## Aim of the task
Here is a listing. Write it all out again exactly, but not its pictures.

## Dataset section
^^^^

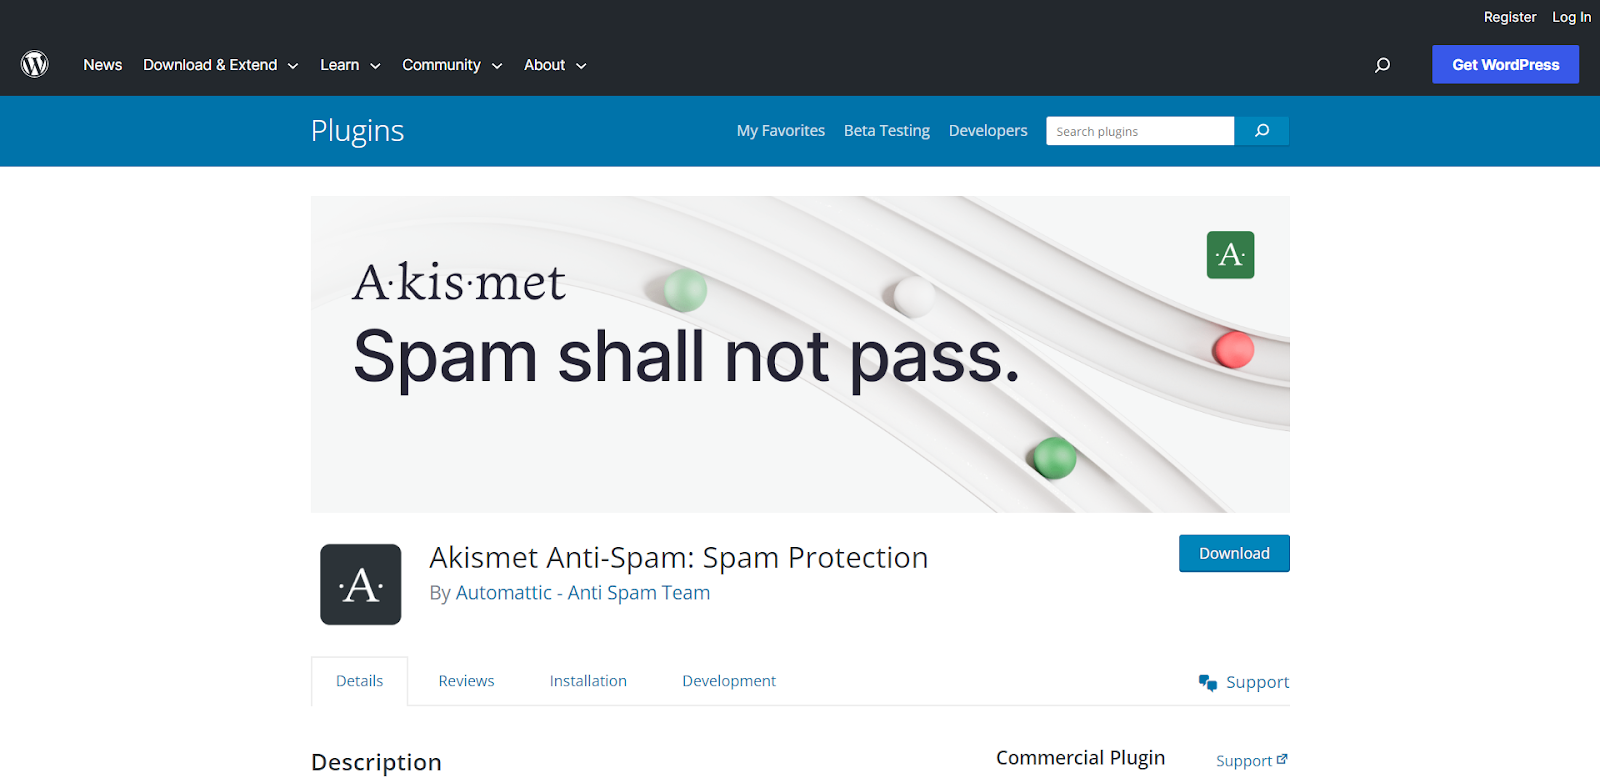 3. Akismet Anti Spam: Spam Protection plugin
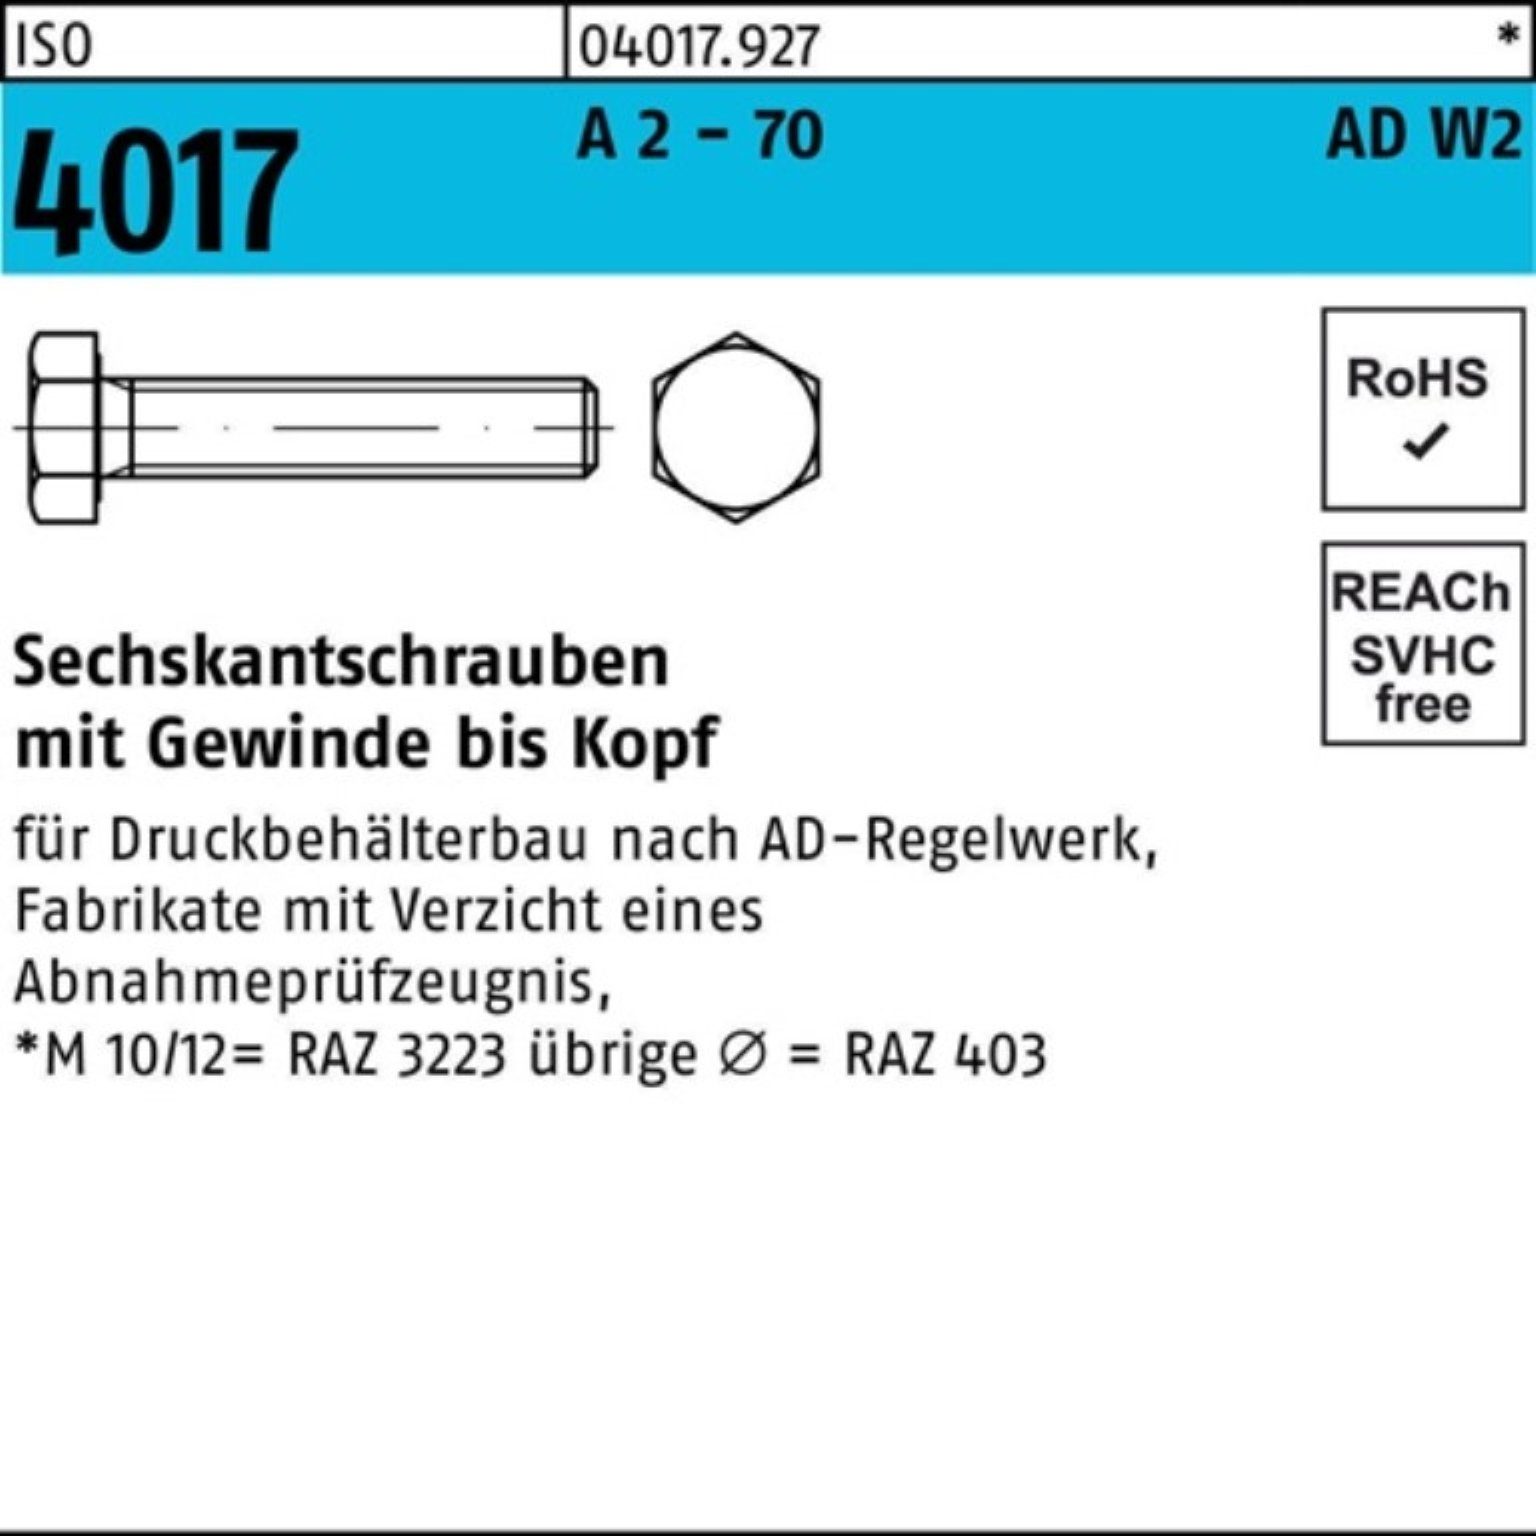 Bufab Sechskantschraube 100er Pack Sechskantschraube ISO 50 2 70 M12x St - 50 A VG AD-W2 4017
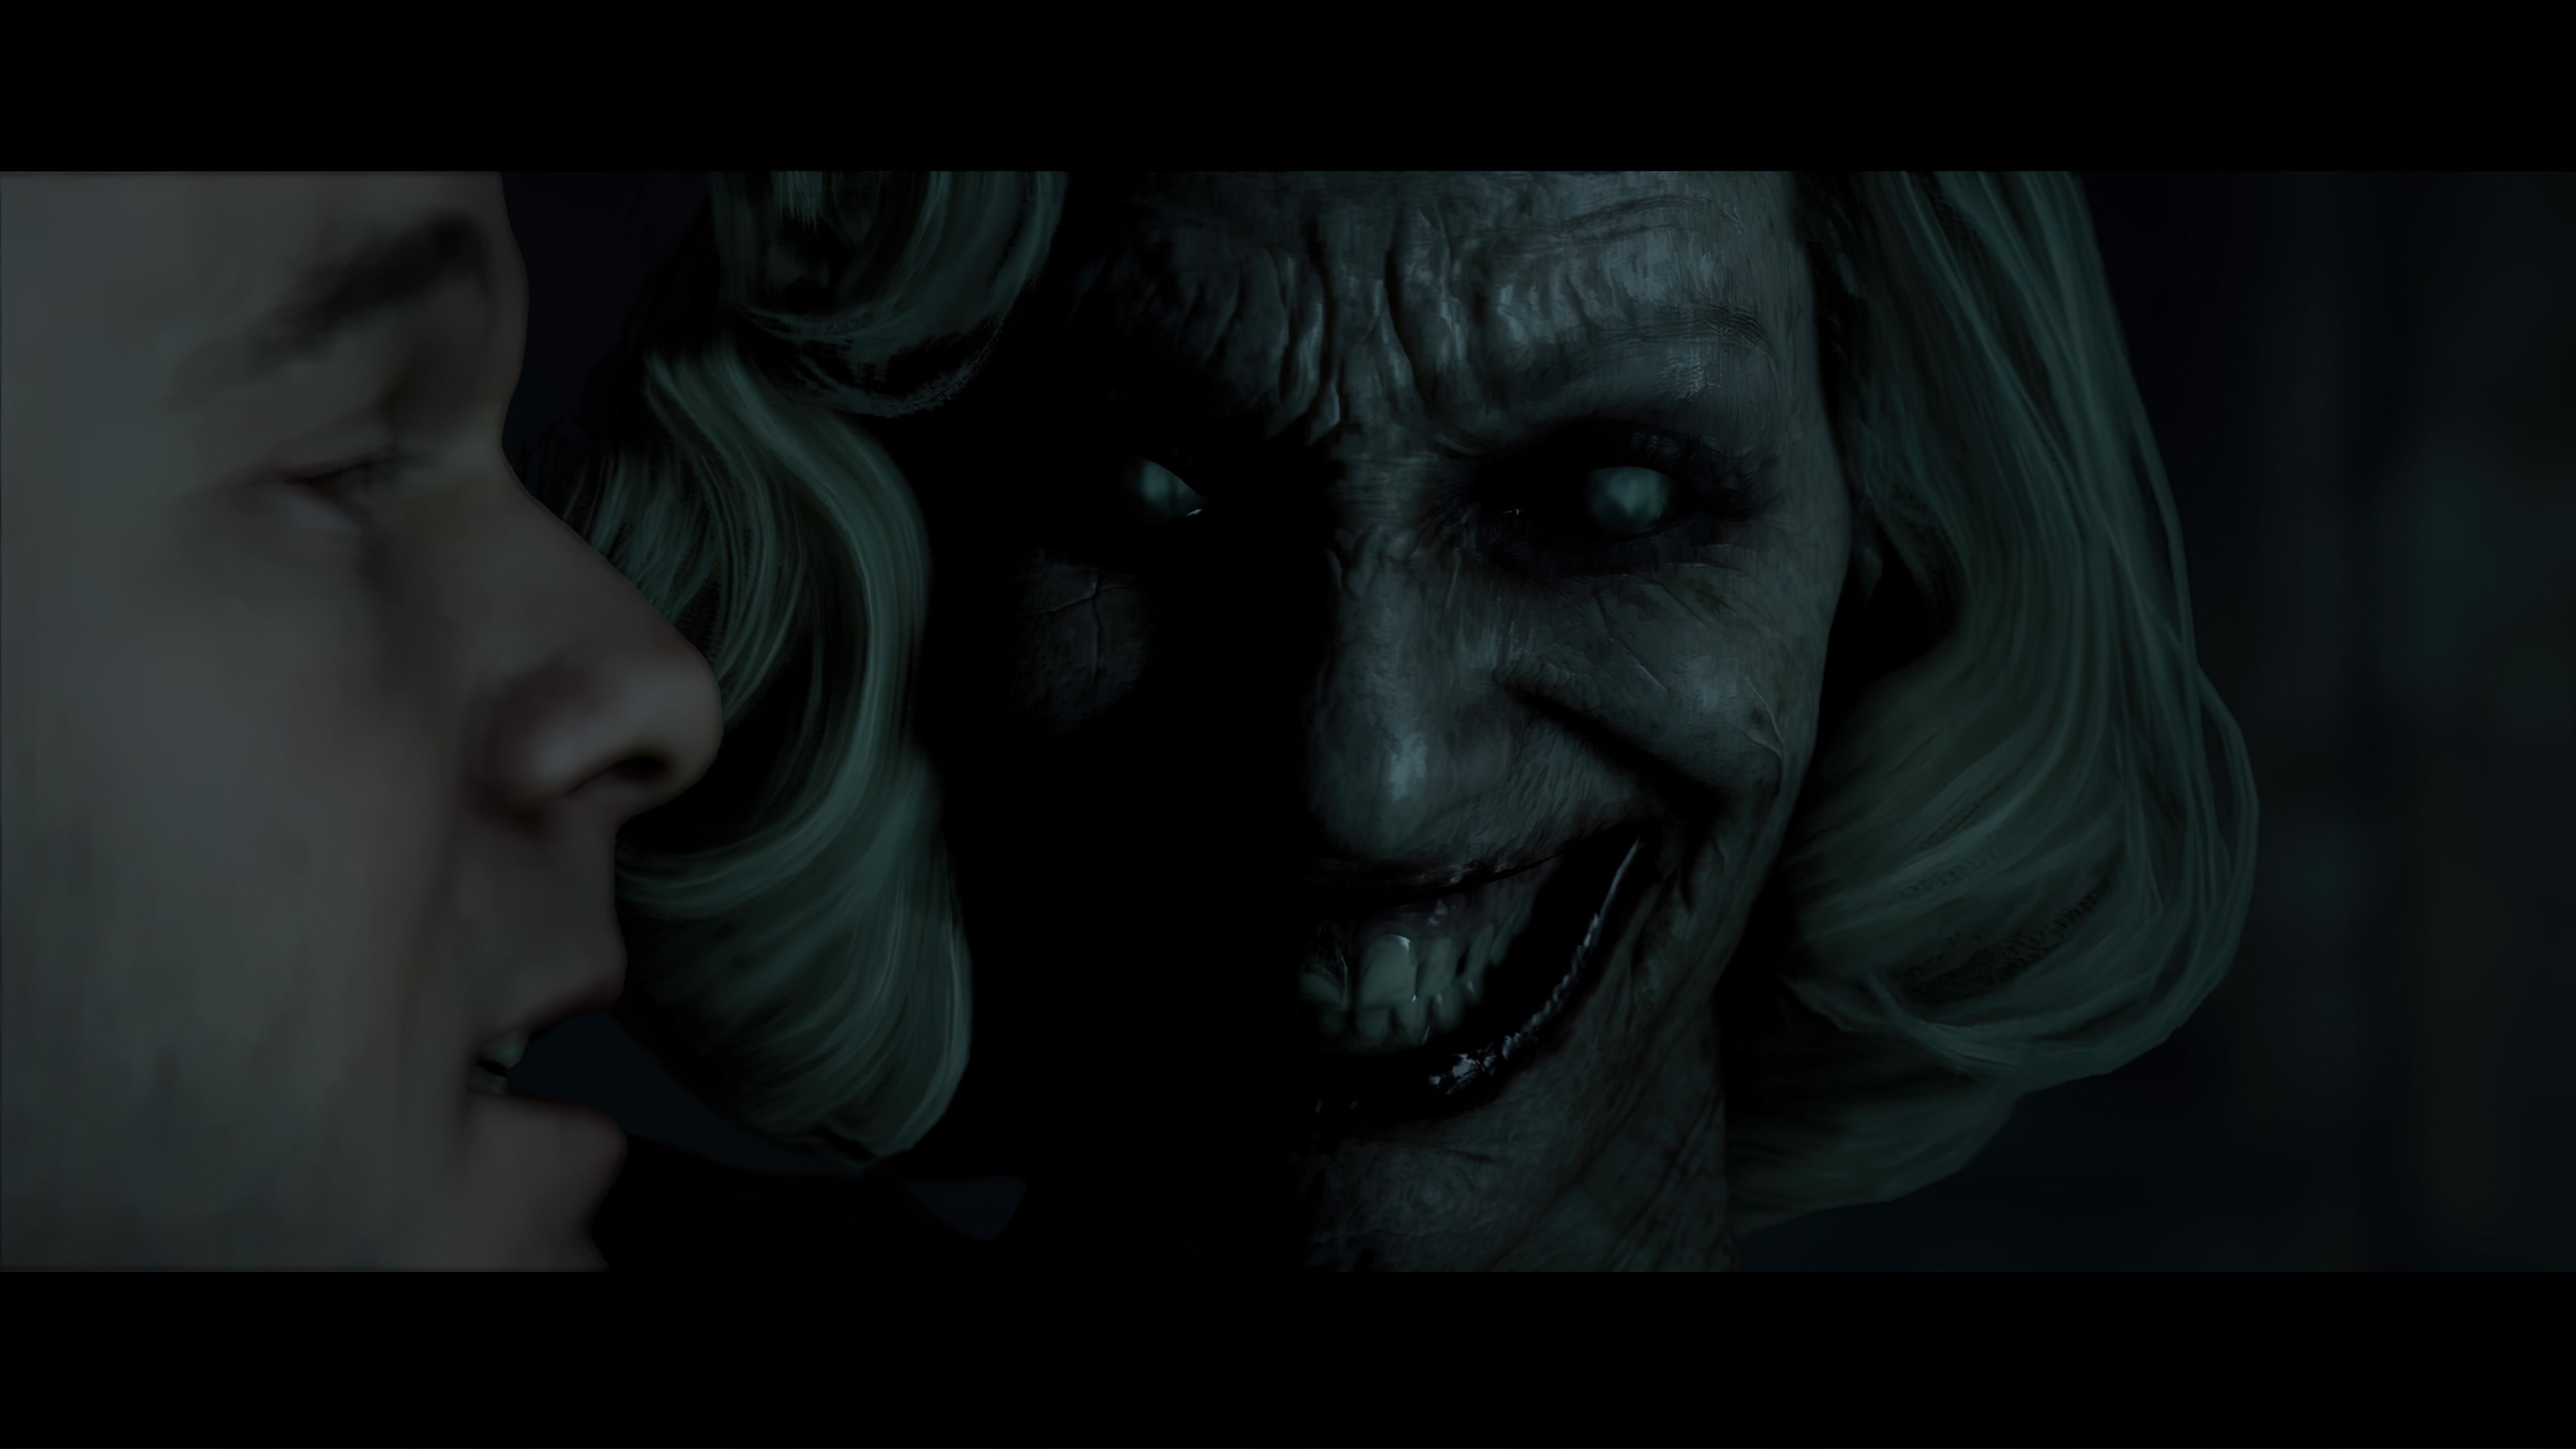 The Dark Pictures Anthology: The Devil in Me - PlayStation 4 em

^^^^

## Response
 3. Akismet Anti Spam: Spam Protection plugin
 Bufab Sechskantschraube 100er Pack Sechskantschraube ISO 50 2 70 M12x St - 50 A VG AD-W2 4017
 The Dark Pictures Anthology: The Devil in Me - PlayStation 4 em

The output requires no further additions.